─── EXERCISE DATA ───

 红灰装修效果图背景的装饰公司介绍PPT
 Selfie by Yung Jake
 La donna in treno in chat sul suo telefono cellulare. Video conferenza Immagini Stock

───

- EXERCISE AIM
Whatever appears in the data above should be set down again exactly.

- ANSWER TO THE PROBLEM
 红灰装修效果图背景的装饰公司介绍PPT
 Selfie by Yung Jake
 La donna in treno in chat sul suo telefono cellulare. Video conferenza Immagini Stock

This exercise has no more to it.